- Born: November 22, 1954 (age 71) Norman, Oklahoma
- Education: University of Texas BS (1977); University of California, Berkeley PhD (1977);
- Spouse: Rosemary Tilley
- Scientific career
- Fields: Inorganic Chemistry, Organometallic Chemistry
- Workplaces: University of California, Berkeley
- Doctoral advisor: Richard A. Andersen
- Other academic advisors: Robert H. Grubbs, John E. Bercaw, Luigi Venanzi, Piero Pino
- Notable students: Laurel Schafer (postdoc), Jonas C. Peters (postdoc)
- Website: www.cchem.berkeley.edu/tdtgroup/

= Don Tilley =

American inorganic chemist

T. Don Tilley (born in Norman, Oklahoma, November 22, 1954) is a professor of chemistry at the University of California, Berkeley.

== Career ==
In 1977, Tilley received his B.S. degree in chemistry from the University of Texas. In 1982, he earned his Ph.D. degree from the University of California, Berkeley for his research on organolanthanide chemistry with Professor Richard A. Andersen.

Afterwards, he conducted post-doctoral research with Prof. Robert H. Grubbs and Prof. John E. Bercaw at the California Institute of Technology and with Luigi Venanzi and Piero Pino at ETH in Switzerland, during which he developed the chemistry of the (pentamethylcyclopentadienyl)ruthenium fragment ([Cp*Ru]).

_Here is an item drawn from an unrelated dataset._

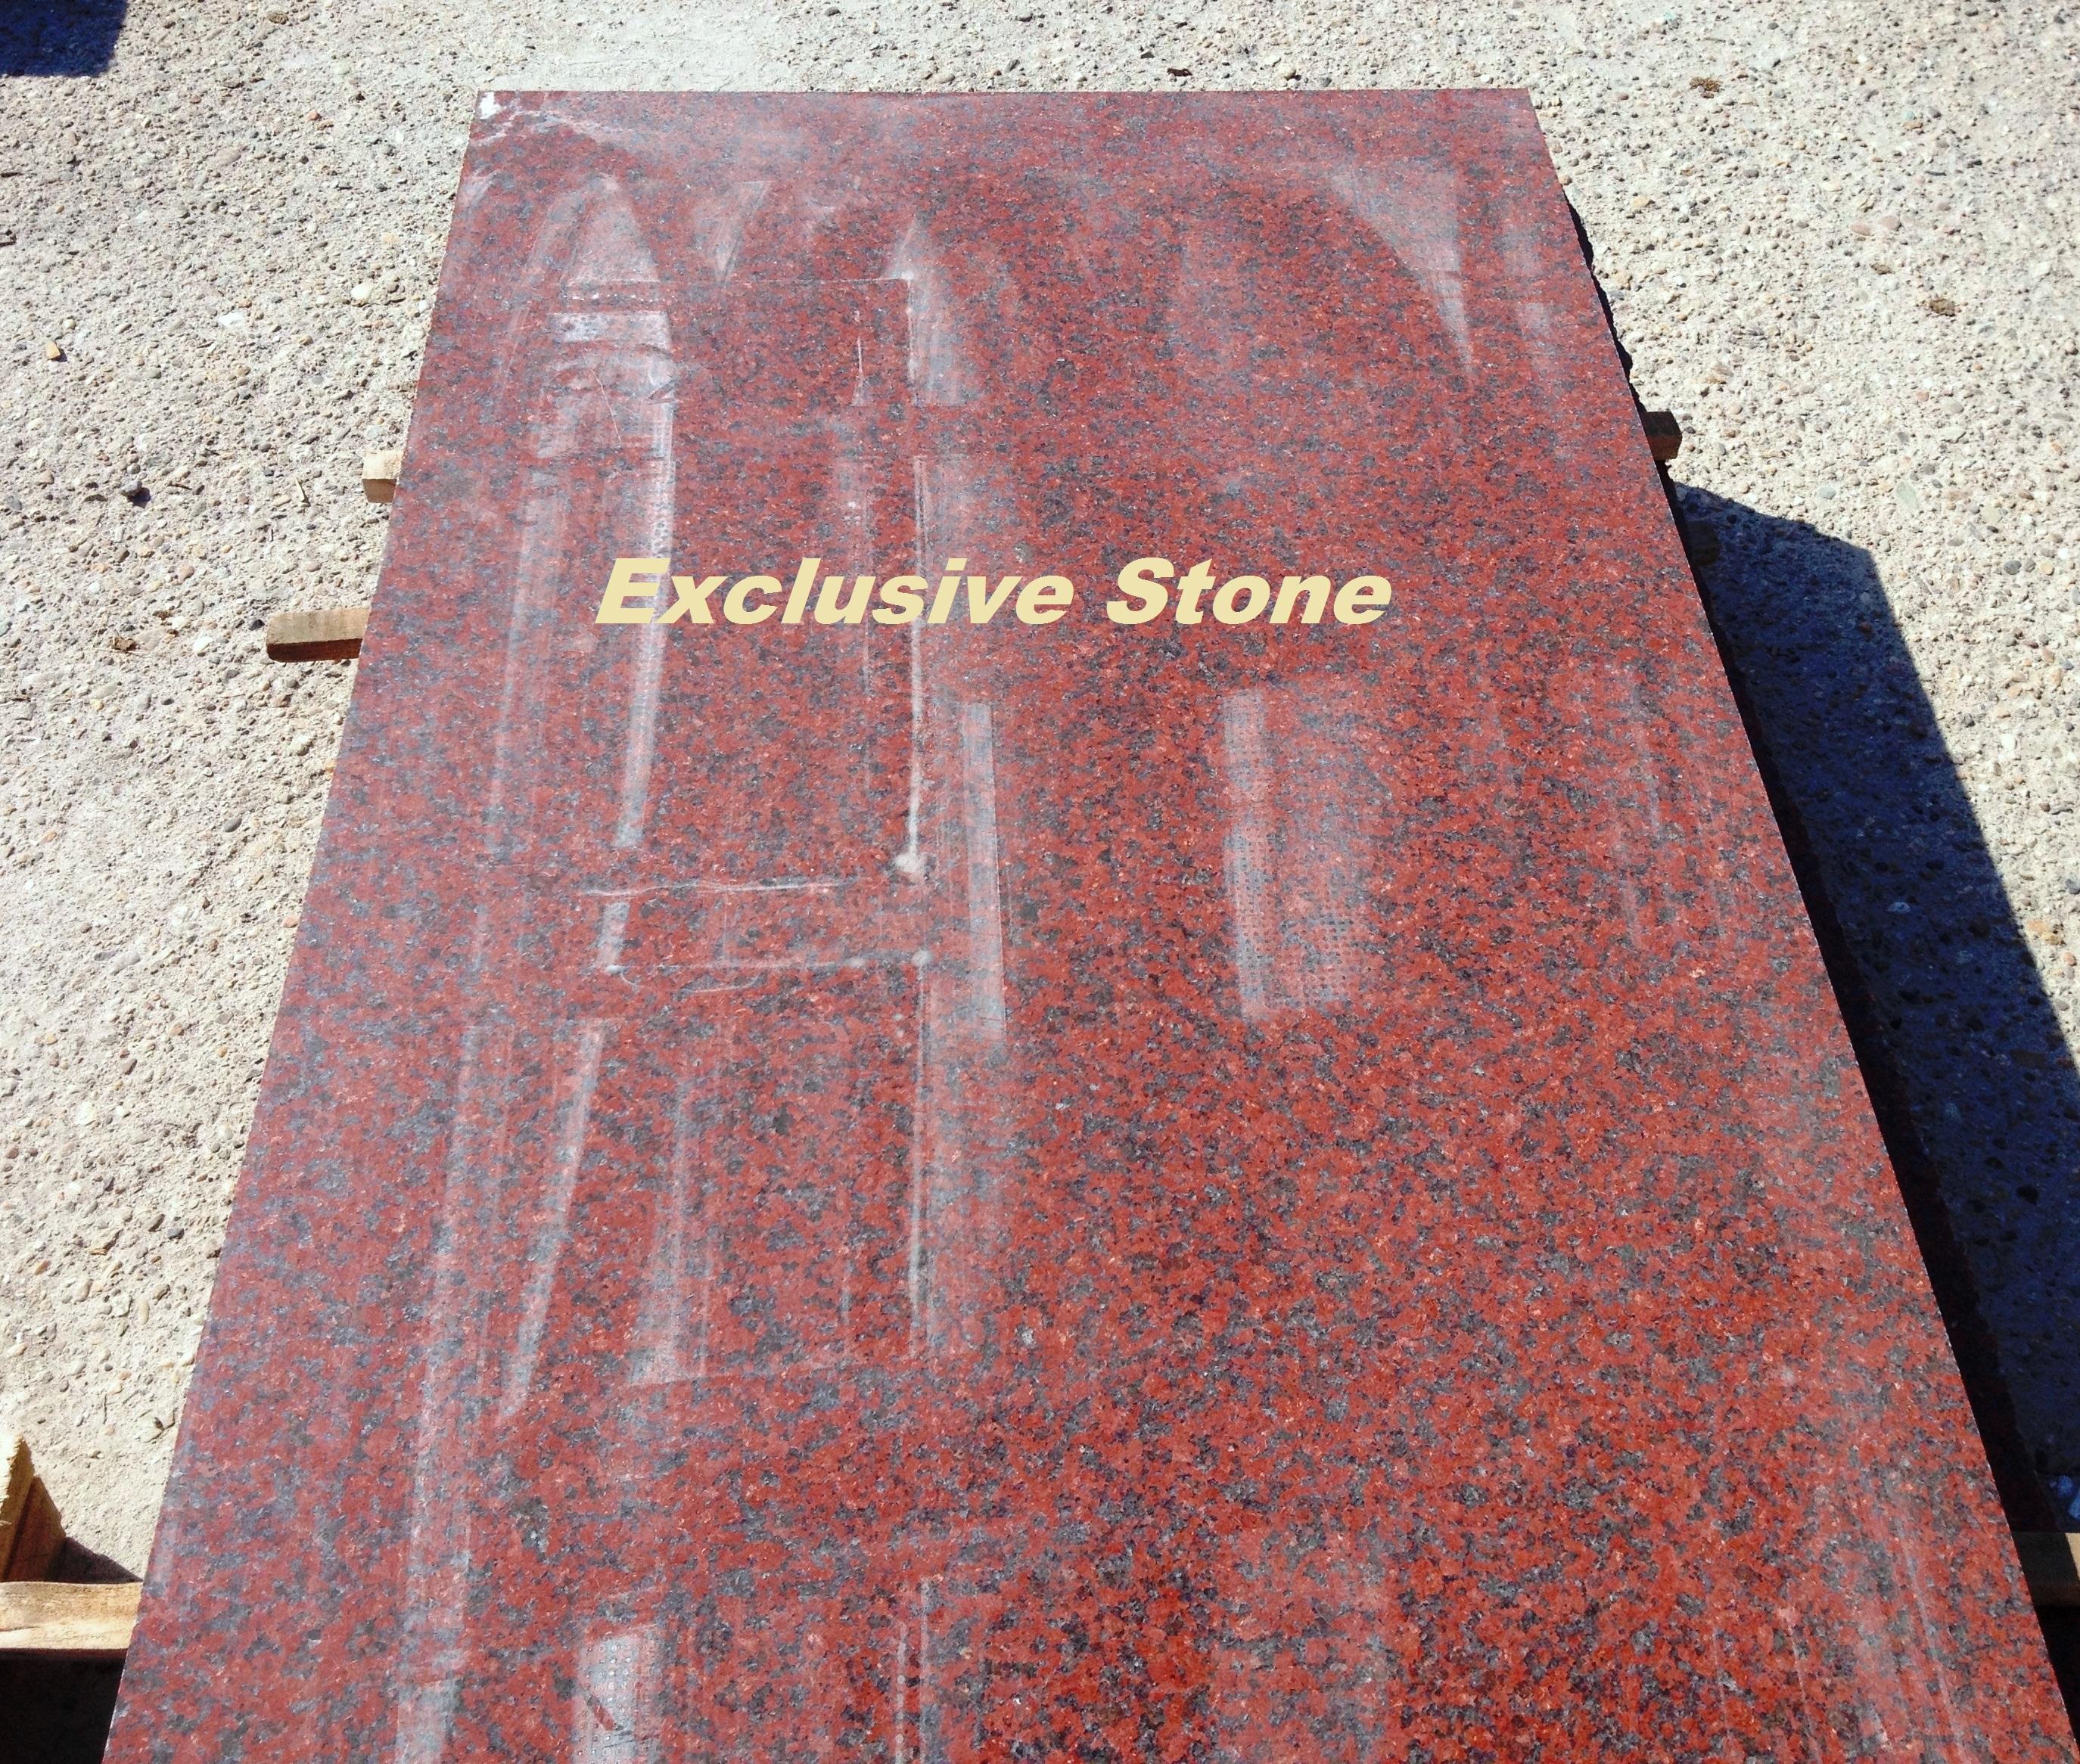 Piese /masive Granit Rosu Imperial cu grosimi de 2, 3, 4, 5, 6, 8 , 10 ,12 si 20 cm

He started his independent research career at UC San Diego in 1983, where he was promoted to associate professor in 1988, and to Professor in 1990. In 1994, he accepted appointments as a professor of chemistry at UC Berkeley and Faculty Senior Scientist at the Lawrence Berkeley National Laboratory (LBNL).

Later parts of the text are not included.